Damien Aspe has developed a practice of installations featuring, alongside a plaster wall, an engraving machine that reproduces, to the scale of the wall, the engraving found on a mussel shell in Java, reputed to date back 500.000 years. The odd, irregular zig-zag that it gouges out of the white surface might seem to us to be a lyrical feat reminiscent of abstract expressionism or, more simply, enraged graffiti and its ablation from the wall. That relatively sophisticated machinery is at work here leads us to think that these lines don’t spring out of nowhere.
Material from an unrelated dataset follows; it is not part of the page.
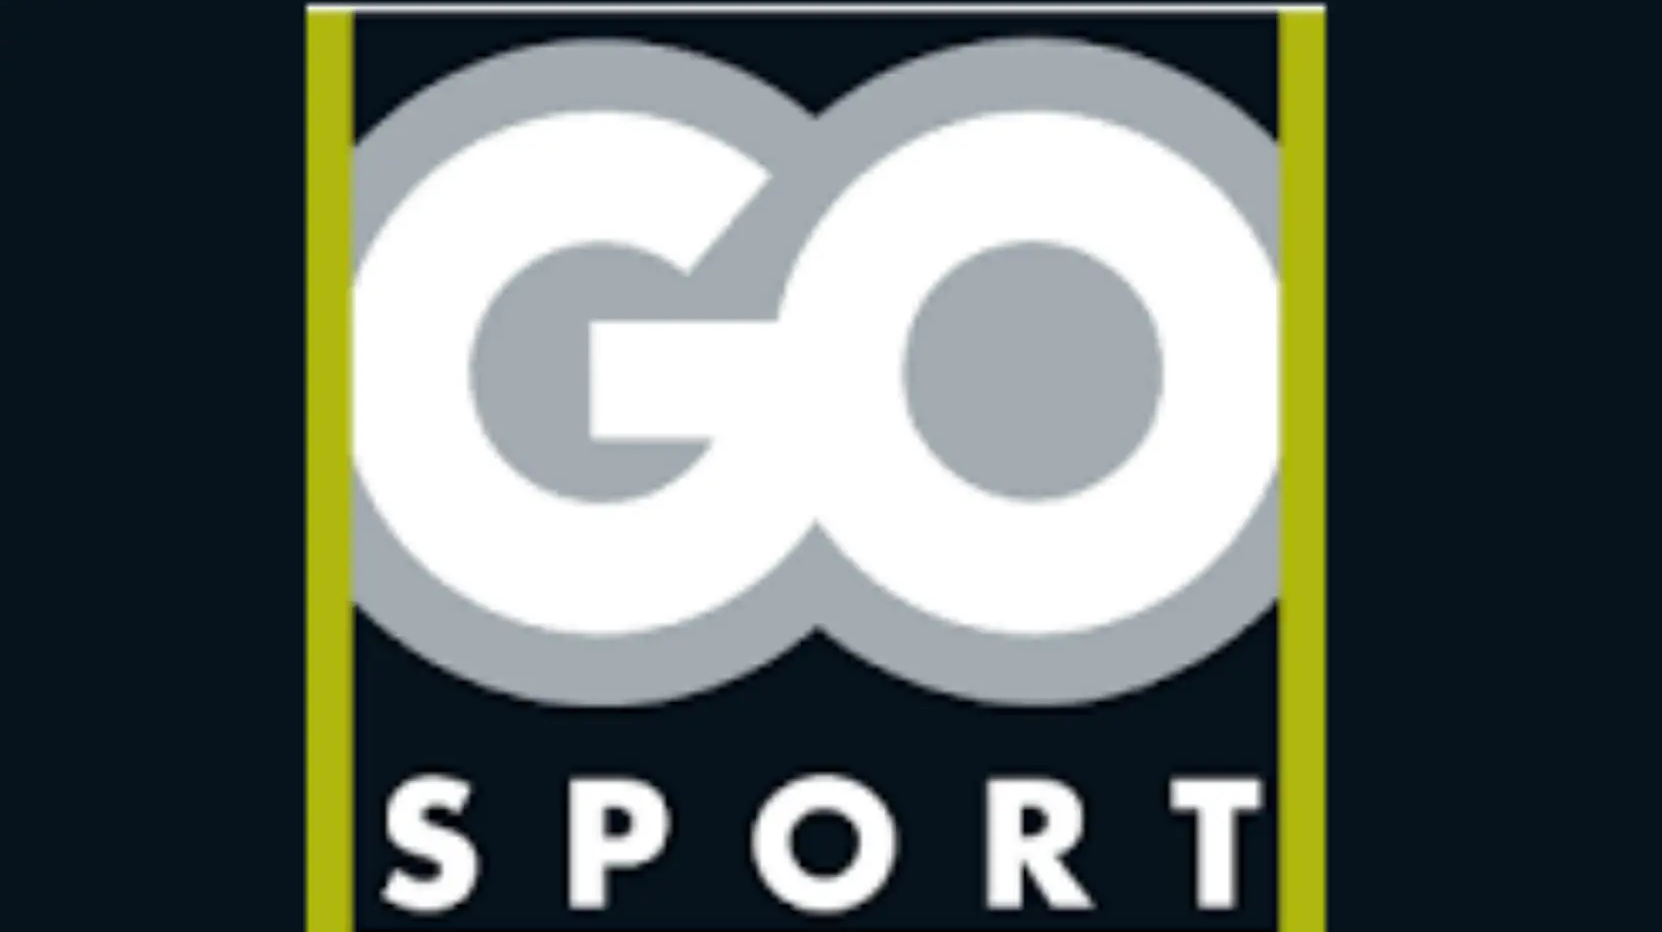 Go Sport : audience le 19 décembre à Grenoble sur la situation financière
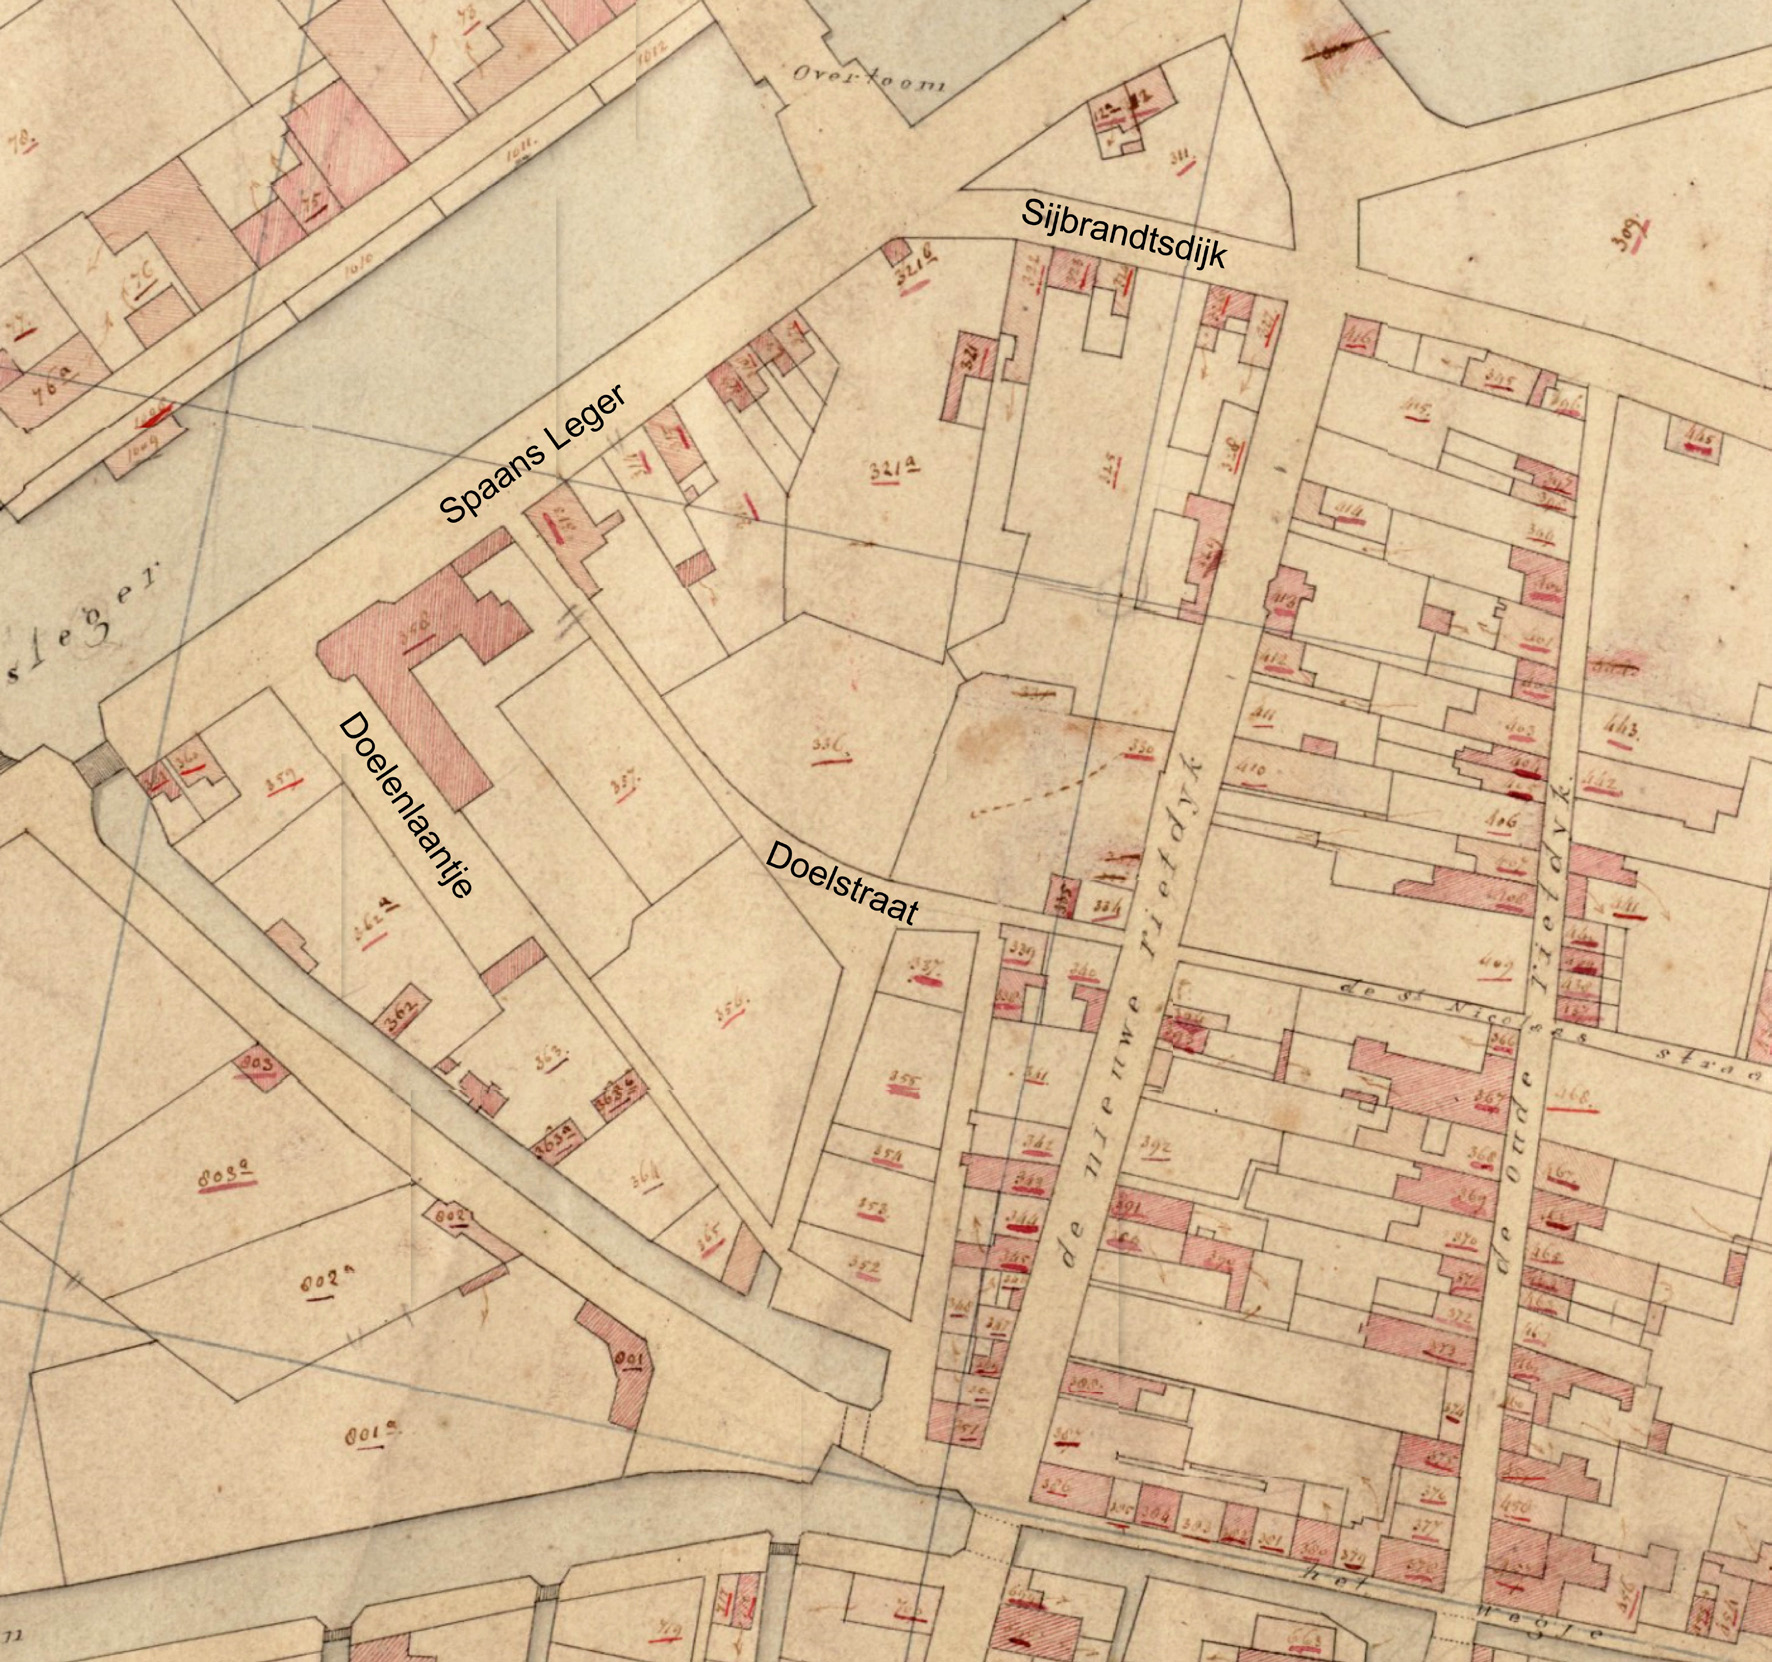 Het voormalige terrein van de Nieuwe Doelen is waarschijnlijk nog te herkennen in de perceelgrenzen op de kaart uit 1823.

They are indeed the reproduction of an action that one might call antediluvian, in biblical terms. So it seems that the distant ancestor, the homo erectus who one day grasped the mussel shell to engrave this line that brings to mind a seismographical measure gone wild, might be saluting us in silence through this technico-digital device that transposes into the artistic arena the image in that mute message.
This work by Damien Aspe not only produces, therefore, a wall drawing in negative, but also invites us thereby to walk in the footsteps of the "first humans," to reproduce the enigmatic squiggle by which we have come to remember them as accomplished humans, by dint of a symbolic existence that spared them radical disappearance. What we now call art relies on that initial experience and on what it says about who we are: beings whose mere biological life-span is no limit.
Born in 1973 in Toulouse, Damien Aspe lives and works between Toulouse and Paris. His work has been shown at the China Museum of Digital Arts (Beijing, 2015), K11 Art Foundation (Hong Kong, 2014), Gaîté Lyrique (Paris, 2012, Centre Pompidou (Paris, 2009 and 2008), Les Abattoirs, Musée – Frac Occitanie Toulouse (2007), and Mamco (Geneva, 2004).